- Throughout my early 20s, the doctors gave me a variety of anti-depressants which invariably left me ill and didn't help me, the doctors didn't tend to actively moniter me on these drugs and it was a question of either making appointments and feeling stupid and a nuisance or not going back, I was never given repeat prescriptions, and to this day I puzzle as to what a repeat prescription actually is, as I simply have always had to go back to the surgery and beg for more prescriptions each time I run out and I always felt stupid about it, a waste of time. Alternately I would just let the awful andti-depressants run out, and then my work and friendships would suffer a bit less.
- I never got much help or support from the doctors in the town where I went after the sheltered house. It was a youth worker and church people who saw me struggling and almost simultaneously discussed Asperger Syndrome and Autism with me, and lobbied the Doctor to refer me for assessment.
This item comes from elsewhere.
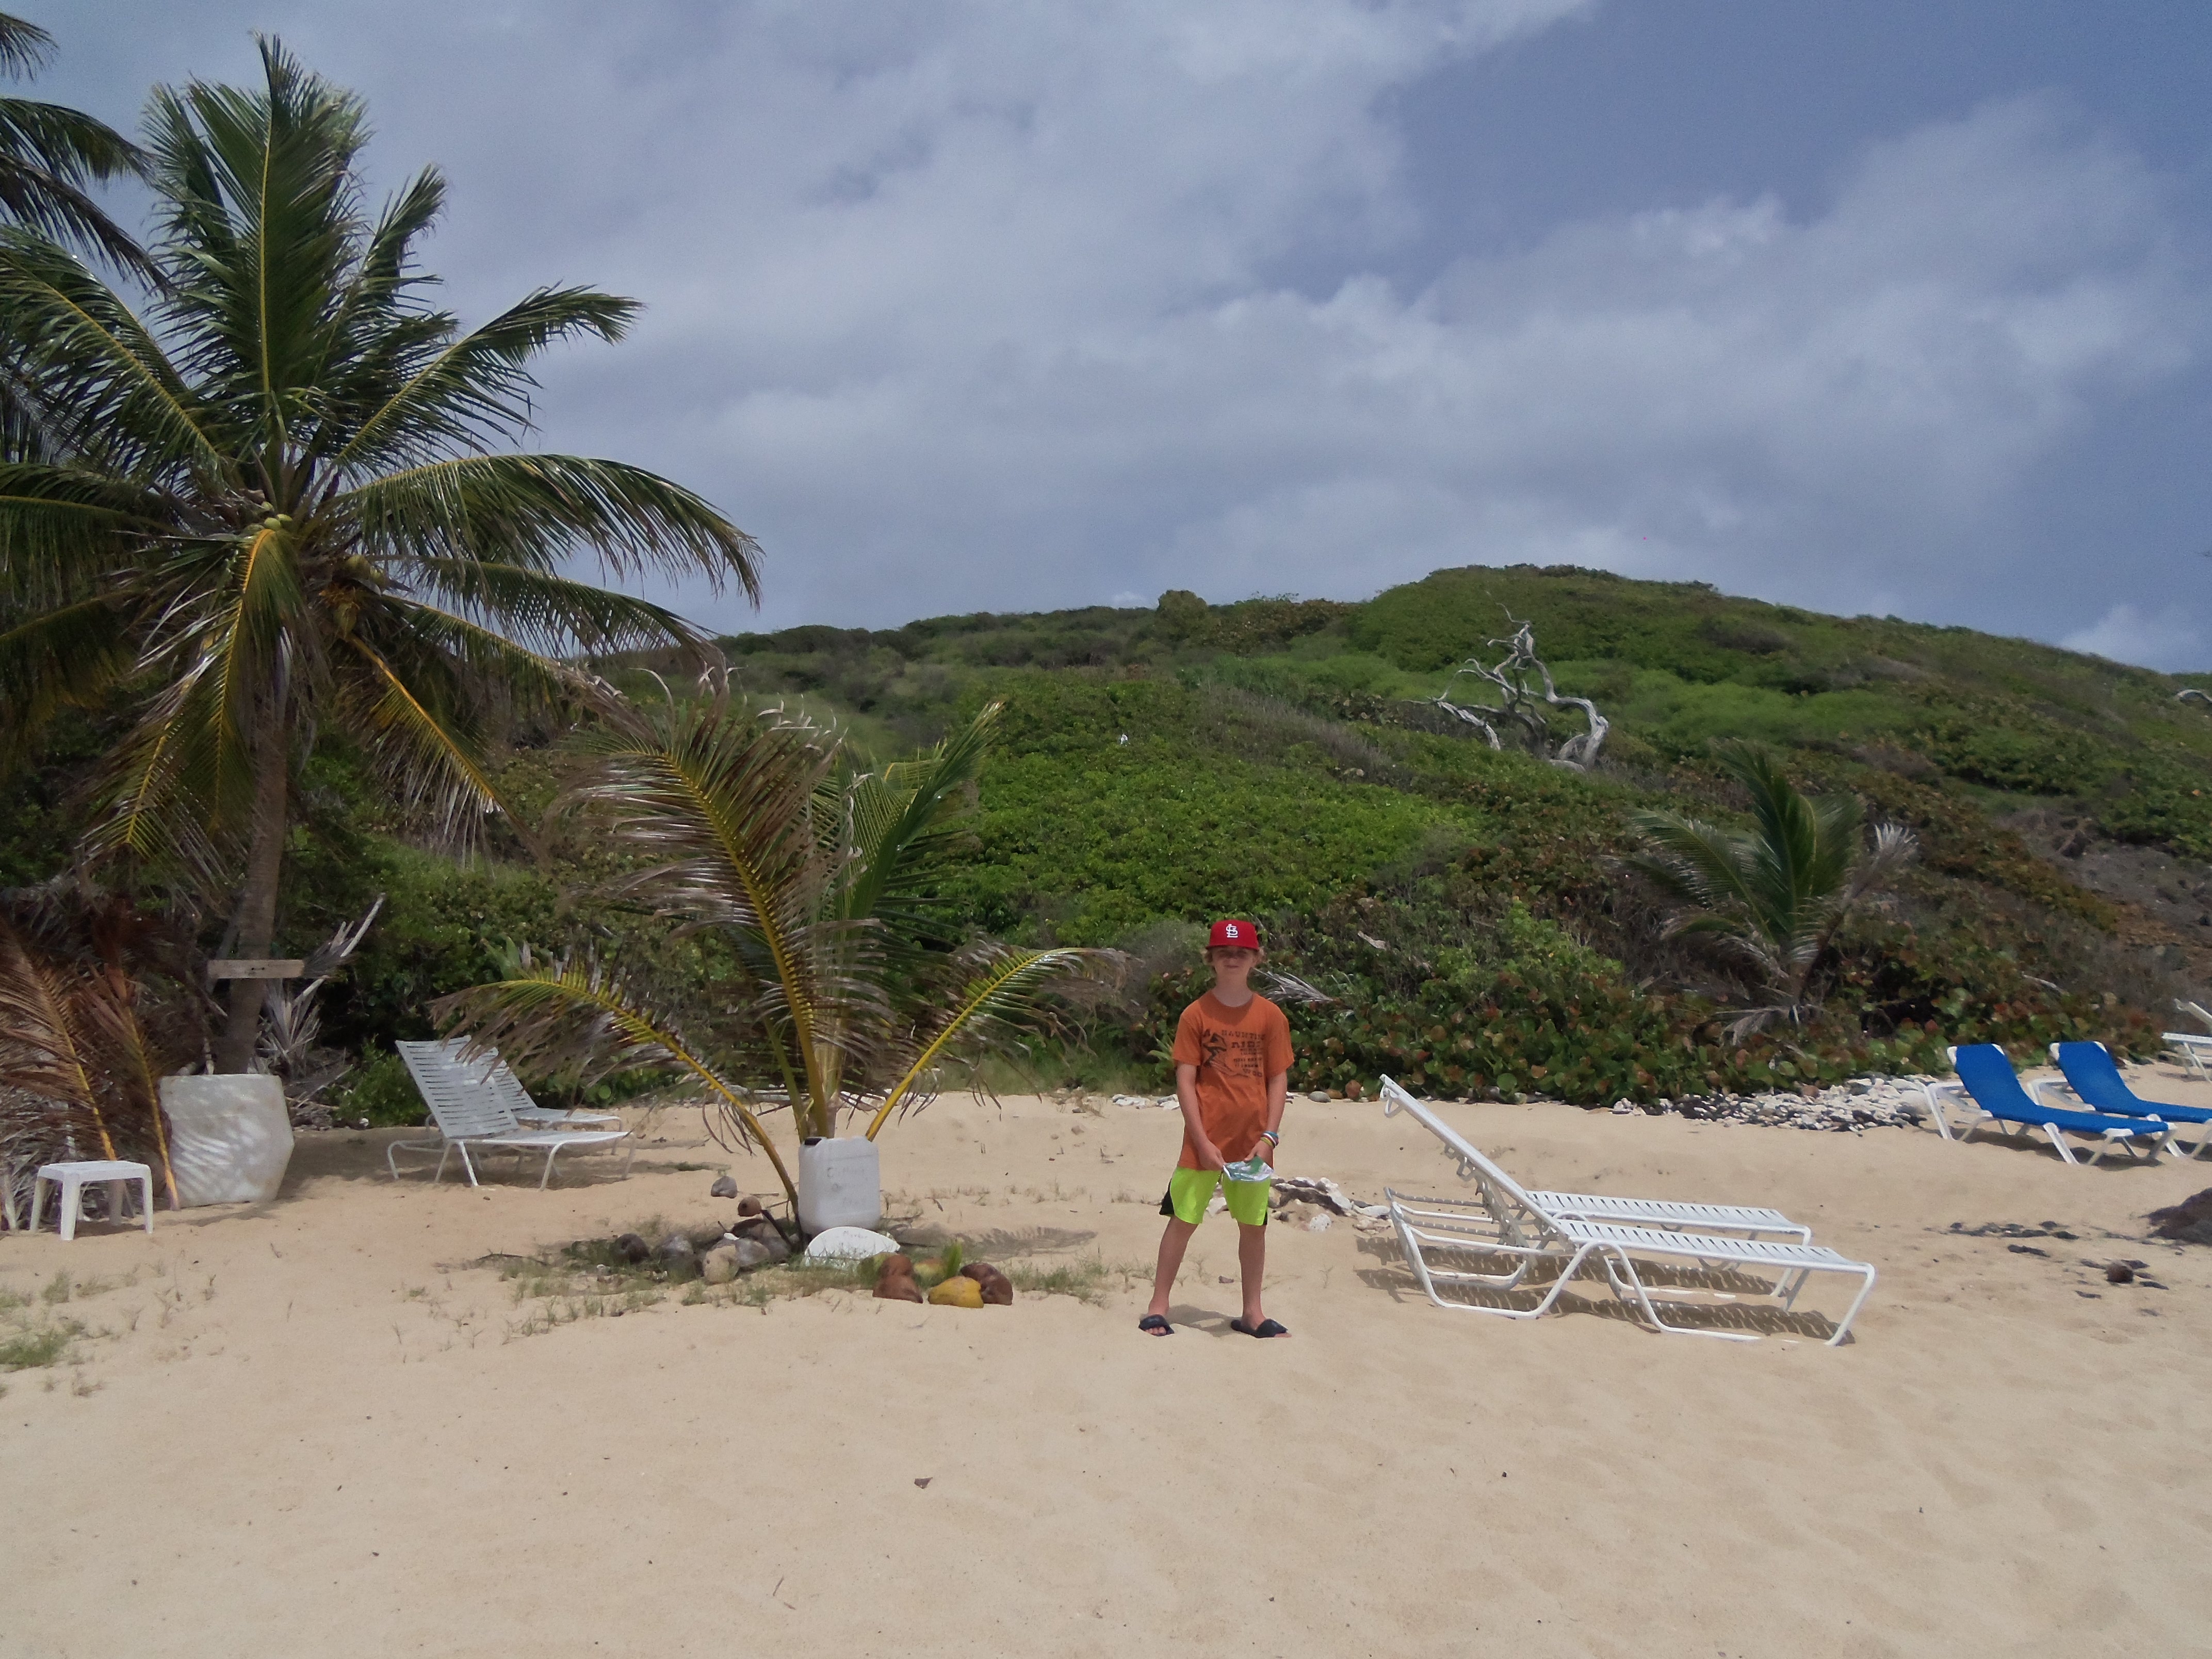 Puerto rican nude beach

At the time, however, there was no facility in Hampshire for assessment and so there was a very long wait as I continued to struggle with life.
- The surgery I registered with next, had good and bad to it, they had some male doctors who were famous for being rude to patients because they were 'old school' and thought everyone just whinged. I was vaguely monitered for depression but was very tired a lot, like I am now. I was offered a chance by the surgery to do a self-help course, I agreed, because I was keen for help. Sadly it was a kind of re-hash of things out of my self help books, and it was all women, talking about their 'partners' and babies, it was very boring, and I didn't learn anything, so when they offered me a follow-up course I said no.
- The strain of struggling with life and anti-depressants became worse and worse as I approached mid-20s, and still no-one had realised I responded badly to anti-depressants, not even me. And so I was struggling and I was being blamed for struggling, my friends were mainly older, well-off church people, and their families didn't struggle and so they didn't see why I should be doing, I remember one of them pretty much telling me so. It is amazing how much I was not understood even by my friends sometimes, they were all very secure and had no idea of the kind of background I was from.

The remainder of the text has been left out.